Едва дойдя до пузырей земли,
О которых я не могу говорить без волнения,
Я заметил, что она тоже волнуется
И внимательно смотрит в окно.
Оказалось, что большой пестрый кот
С трудом лепится по краю крыши,
Подстерегая целующихся голубей.
Я рассердился больше всего на то,
Что целовались не мы, а голуби,
И что прошли времена Паоло и Франчески.
…Смешно и немного стыдно, конечно, любить это стихотворение (с таким самозабвенным мужским литературным токованием посередке, особенно, когда уже знаешь историю адресата, девочки, вытянувшей такую судьбу, которая и не снилась никакому Блоку, - и эсерство, и комиссарство, и террористическая деятельность, и приговор к расстрелу, и эмиграция, и монашество, и имя матери Марии, и гибель в концентрационном лагере Равенсбрюк за два месяца до освобождения, а тут - кабинет, многоуважаемый письменный стол, «пришла с мороза», пузыри земли, какие-то Паоло и Франческа), но я люблю его и, когда читаю, думаю: насколько же первый поцелуй - все-таки всего сильнее в любви.

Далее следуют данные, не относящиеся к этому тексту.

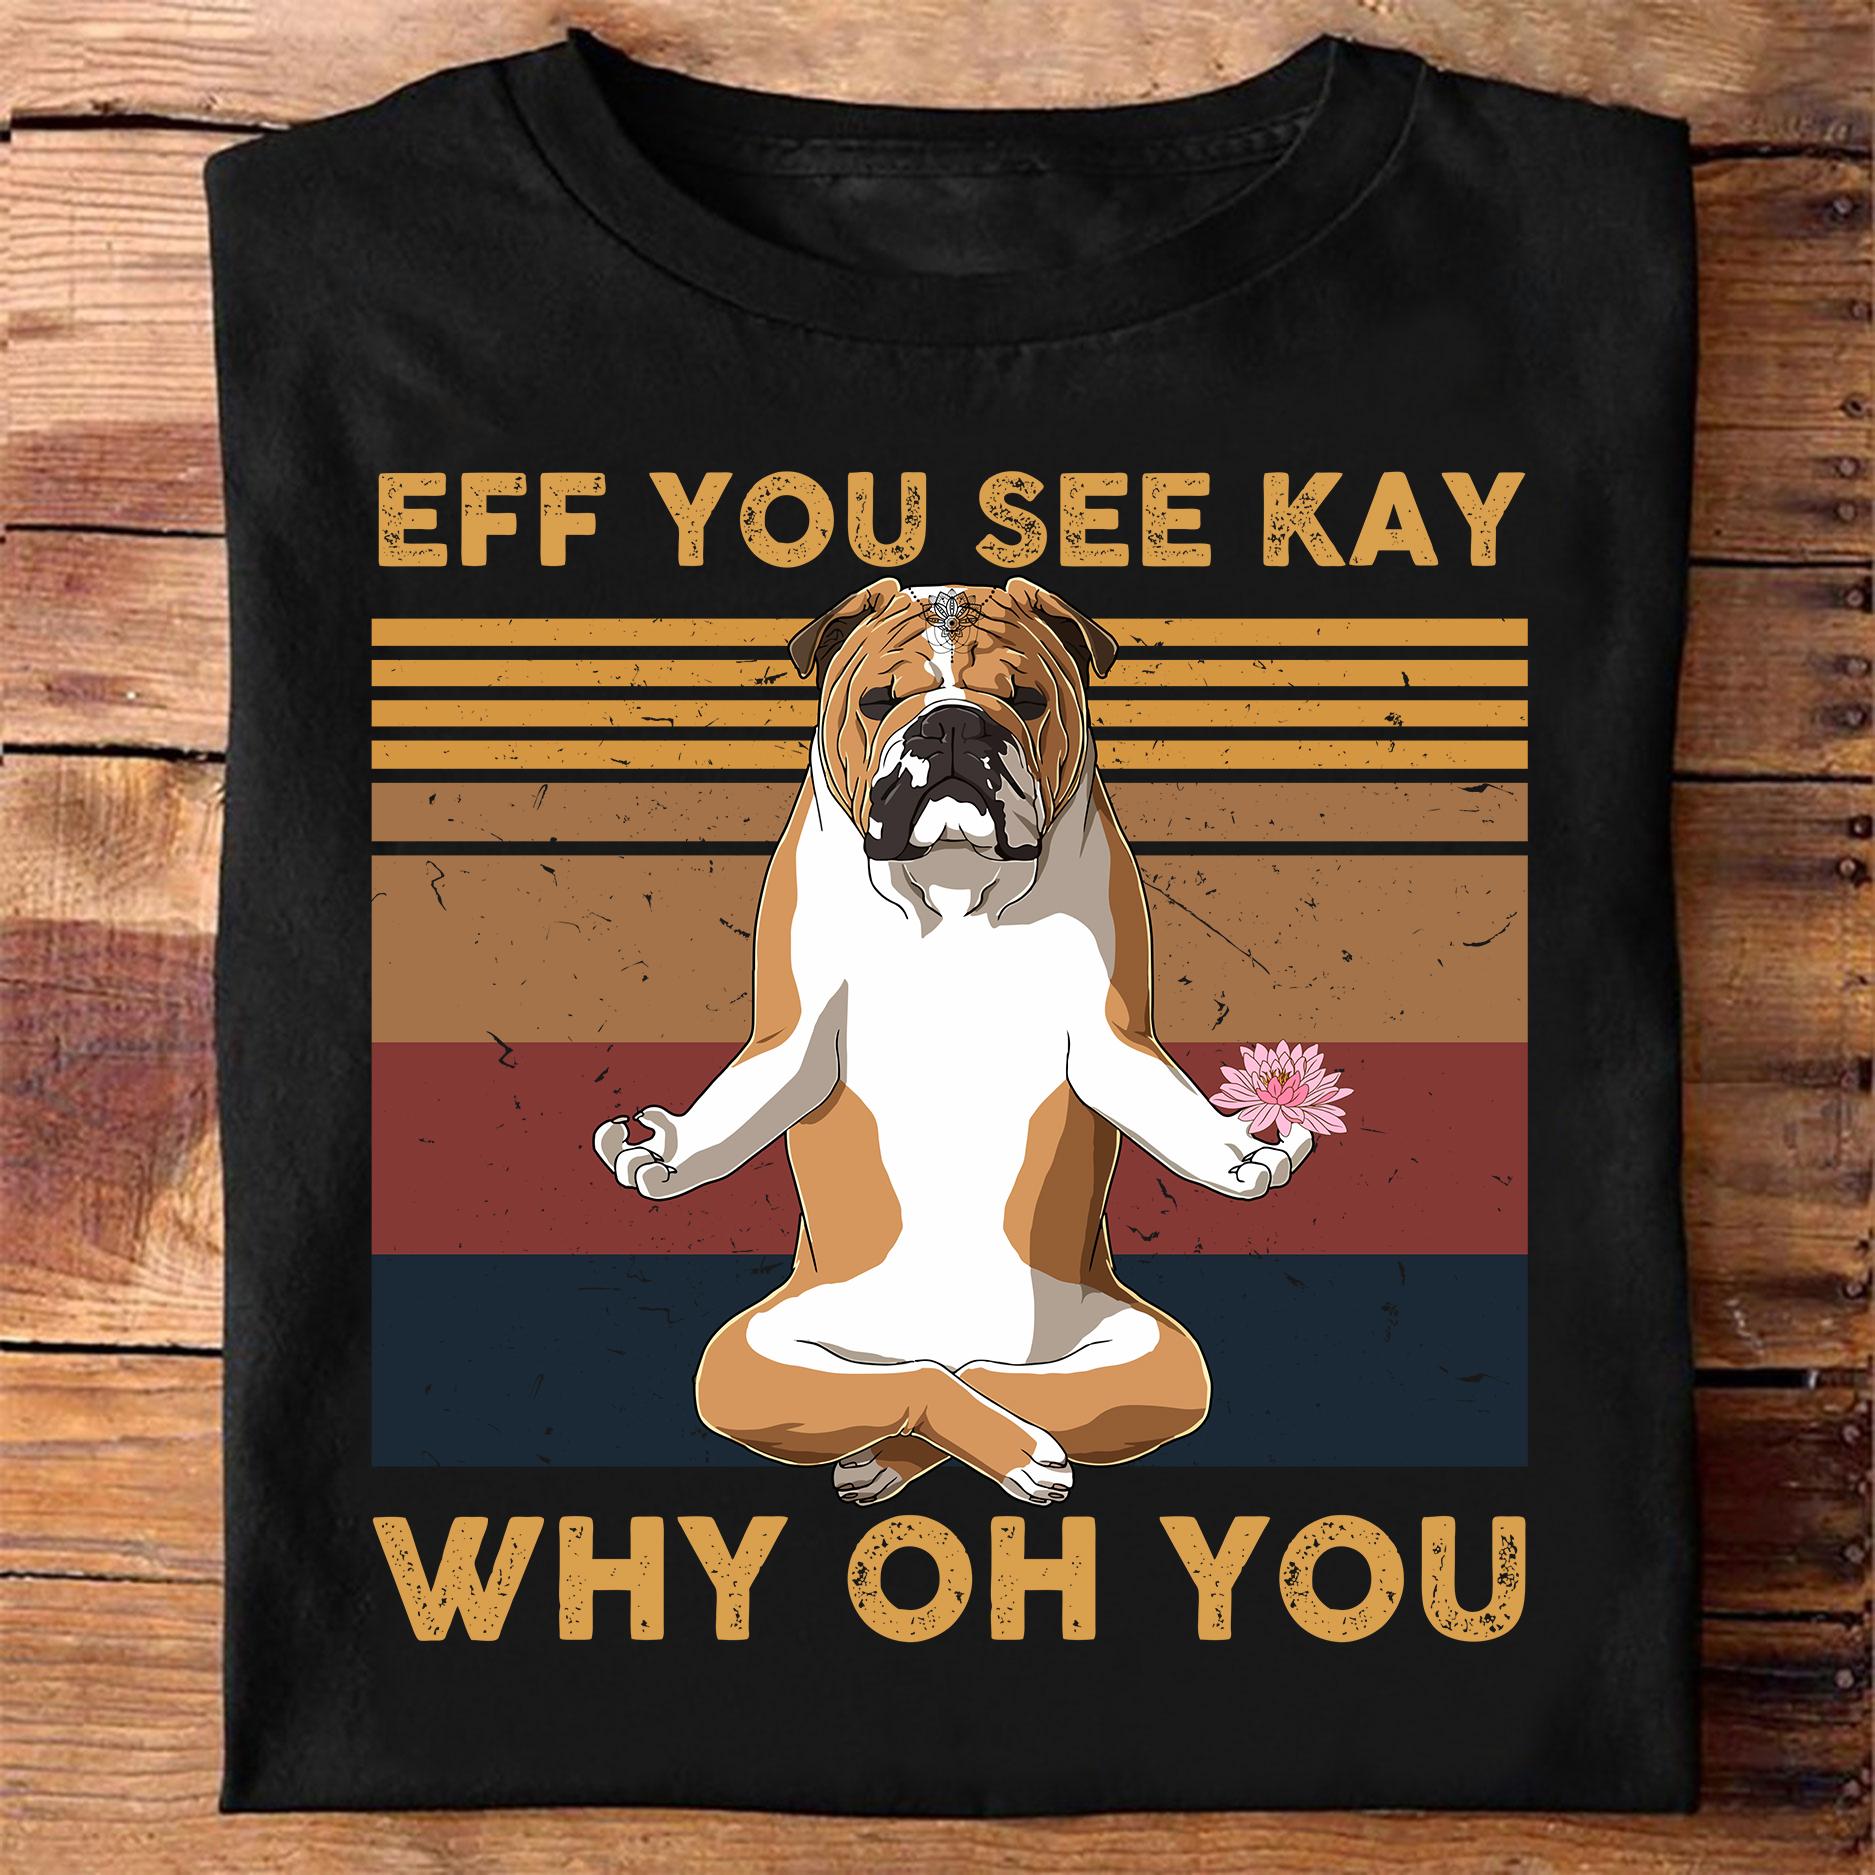 Bulldog Yoga - Eff you see kay why oh you

Именно поцелуй. И именно первый.
Ни секс, ни объятия, ни трение сухими телами, ни пот и дрожь первого сцепления, ни жар, ни жир волос, ни первая ночь, ни последняя.
А вот этот момент: человек подходит к тебе, и ты открываешься.
Ты подходишь к человеку, и человек открывается тоже.
Всегда в одежде.
Почти всегда осторожный.
Мир сжимается до рта, воротника, твоей руки на чужом затылке и незнакомого подбородка (или циклопический глаз: когда смотришь так близко - два глаза сливаются в один: мохнатый и жуткий). За окном подчирикивают преувеличенные птицы: цвирк, цвирк, машины проезжают прямо у тебя в голове - и этот звук становится металлическим: шум в ушах. Кровоток пошел. Заново. Кто-то запускает его в тебе, и ты запускаешь. И вы уже под водой.
Первый (не тот бабушкин, сухой, по детсадовской коже, а первый, настоящий, рот в рот) поцелуй не похож на ощупывание. Любовь не признает прав человека: кто-то ощупывает, кто-то дает гладить. А первый поцелуй лишен обладанья. А стало быть своеволья. Ведь при насилии нет поцелуев. Первого поцелуя насильного не бывает.
При нем все равны.
Даже разлука.
(Целующиеся стоят в легких тапках на непрочной подошве, в которых и по земле-то не ходят. И пока они стоят, они знают, что бессмертны, но умерли. Даже если потом отстранятся друг от друга и пойдут дальше. В земных башмаках, на проклеенном каучуке.)
Второй поцелуй такого ощущения уже не дает. Начинается жизнь, война, большая жратва вожделенья, хлебные крошки любви и никакая уже не свобода.
…Как сказал один взрослый мальчик (вообще-то он - парень, но мне все парни - мальчики): «…Нам было 18. Родители уехали из дома, и я пригласил Катю к себе на ночь. До этого мы ни разу не целовались, поэтому сразу возник как бы какой-то радостный заговор. «…» Чтобы преодолеть стыд, перенаправить его в какое-то удобное русло, мы решили разрисовать друг другу лица акварельными красками «…» Однако когда краски были смыты, и мы начали целоваться, Катя неожиданно заплакала. «…» И «…» я обнаружил, что во время секса неприятно смотреть друг другу в глаза. Словно у каждого был какой-то тайный грешок на душе, который хотелось скрыть».